Chapter 12 #3
"I did not mean to make any of them." His voice was low and sleep-rough and stripped of every formality he'd used on her for weeks. "I lost control of my frost entirely the moment you touched me." A pause. "I am mildly horrified about it."
She laughed, and he went still. She pressed closer to him, and his arm tightened.
The Pine's glow shifted from silver to something warmer. Gold, tinged faintly with rose. She watched it play across the ceiling and across the frost still melting on her skin and let herself lie inside the feeling.
For one unguarded moment, lying in his bed with frost patterns still dissolving against her warmth and his heartbeat slow and steady under her shoulder blade, she let herself believe this was real.
That she could have this. That being seen didn't have to mean being consumed.
That the man holding her in the dark was holding her because he chose to, and not because she'd earned it with a performance.
His breathing changed against her neck. Slower. Deeper. His arm across her waist relaxed into the heaviness of sleep.
His lips moved against her hair.
"I've known since the first day that I loved you.
" The words were drowsy and quiet, shaped by a mouth that was barely awake.
"Since the moment you landed on top of me on the stage floor.
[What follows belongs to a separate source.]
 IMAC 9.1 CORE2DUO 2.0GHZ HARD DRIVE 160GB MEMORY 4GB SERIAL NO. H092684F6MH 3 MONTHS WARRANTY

The bond. It clicked." He took a breath, and his arm pulled her fractionally closer.
"Three seconds of your skin against mine, and I knew you were my mate. "
Her body went still.
"I said nothing." Drowsier now. His words were losing their edges, blurring at the consonants. "You deserved to arrive here on your own. Not because I told you to."
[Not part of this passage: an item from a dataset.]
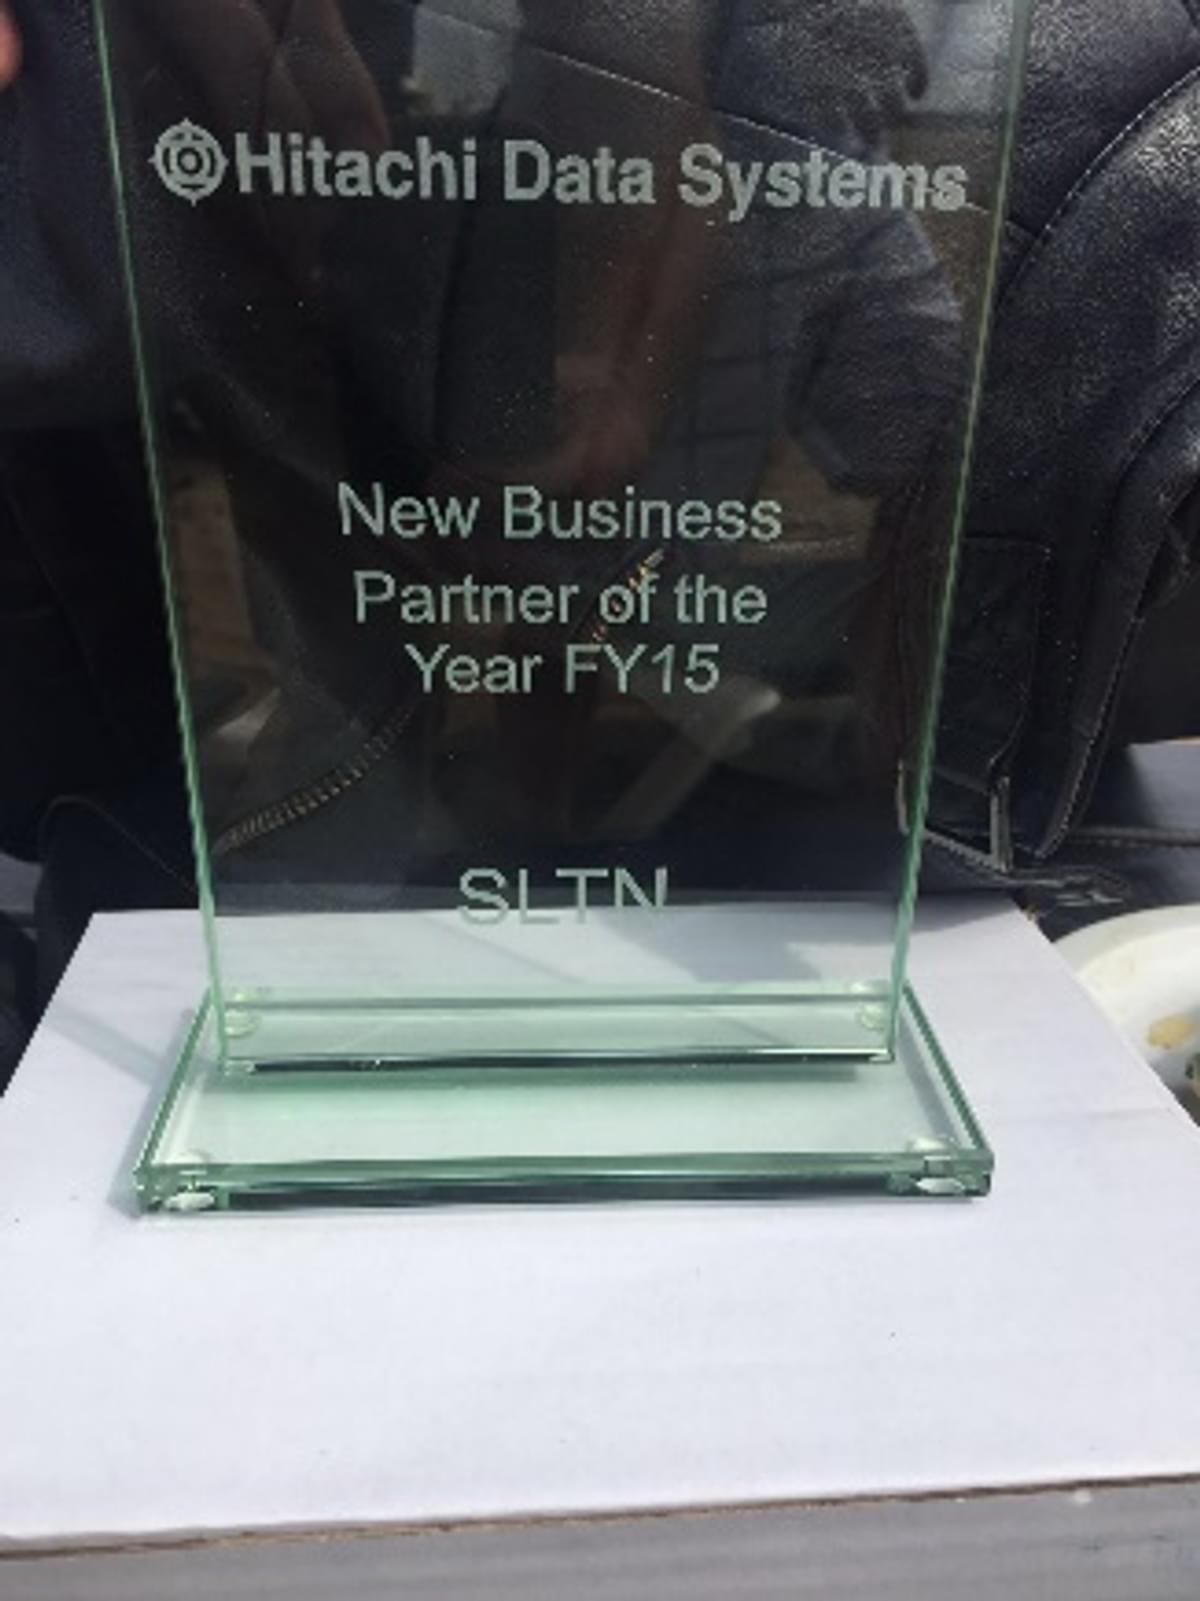 SLTN Inter Access is Hitachi Data Systems New Partner of the Year image

His breathing evened. His arm remained heavy across her waist. His forehead rested against the back of her head, and she could feel his exhale, cool and steady, ruffling the fine hairs at her nape.
He was asleep.
Phoebe lay perfectly still against his chest.
The Pine's glow shifted through the window. Silver-blue. Gold. Rose. Silver again. The frost patterns on the ceiling, ones his lost control had painted above the bed, caught the light and refracted it in tiny prisms that drifted across the walls like slow-moving stars.
She stared at them.
Since the first day.
The words turned over in her chest. Not sharp-edged. Not a blade. More like a stone she'd picked up thinking it was smooth and finding, when she turned it, there was a facet she hadn't expected. A surface that caught light differently than the rest.
She knew what mate bonds were.
She'd held Ember through this exact crisis a year ago.
Sat across from her with coffee going cold between them and listened to Ember's voice shake as she said He knew the whole time, Phoebe, the whole time, and he let me fall for him without telling me the game was rigged.
She'd handed Ember tissues. Told her she was being ridiculous.
Told her that biology and genuine feeling weren't mutually exclusive, that Kaelor had proved it, that he'd literally burned his own bond to ash to show her his love was chosen and not chemical.
She'd watched the most stubborn woman she'd ever met walk back into a Cinnamite's arms with her eyes open, and she'd cheered.
She'd been right. She'd been right about every word she said to Ember that night.
And not a single word of it helped her now.
Knowing something about your best friend's relationship and feeling it in your own body at three in the morning with frost still melting on your skin, the taste of a man still on your tongue, and his drowsy confession still warm against the back of your skull were different things entirely.
One was theory. The other was the ground tilting.
Not crumbling. Not breaking. Just tilting, like everything that was stable a second ago was still standing but shifted half a degree off its axis.
She finally understood the look on Ember's face that morning at the bakery counter. Not betrayal. Not heartbreak. It was the vertigo of discovering that every choice, every lean-in, and every almost-kiss that you thought was entirely yours had a current underneath it you couldn't see.
His arm was still across her waist, heavy with sleep.
She lay in his arms and turned his words over and over in the dark. The Pine's light moved across the ceiling. The frost-stars drifted.
The question she couldn't answer yet wasn't Is this real? She'd watched Kaelor prove it could be. She'd held the evidence in her hands and told Ember to trust it.
The question was different. Quieter. Harder.
Was I ever really choosing?
Or was I just arriving where his biology already knew I'd be?
His breath stirred her hair. His heartbeat was steady and sure against her shoulder blade.
He was completely unaware that the woman in his arms was lying awake with a question that wouldn't resolve, turning it over and over, looking for the answer that would tell her whether the current she'd been swimming in was hers or his.
She pressed her fingers to the last frost-pattern on her forearm. The fern. The one she'd asked about. It melted under her fingertips.
She closed her eyes. She did not sleep for a long time.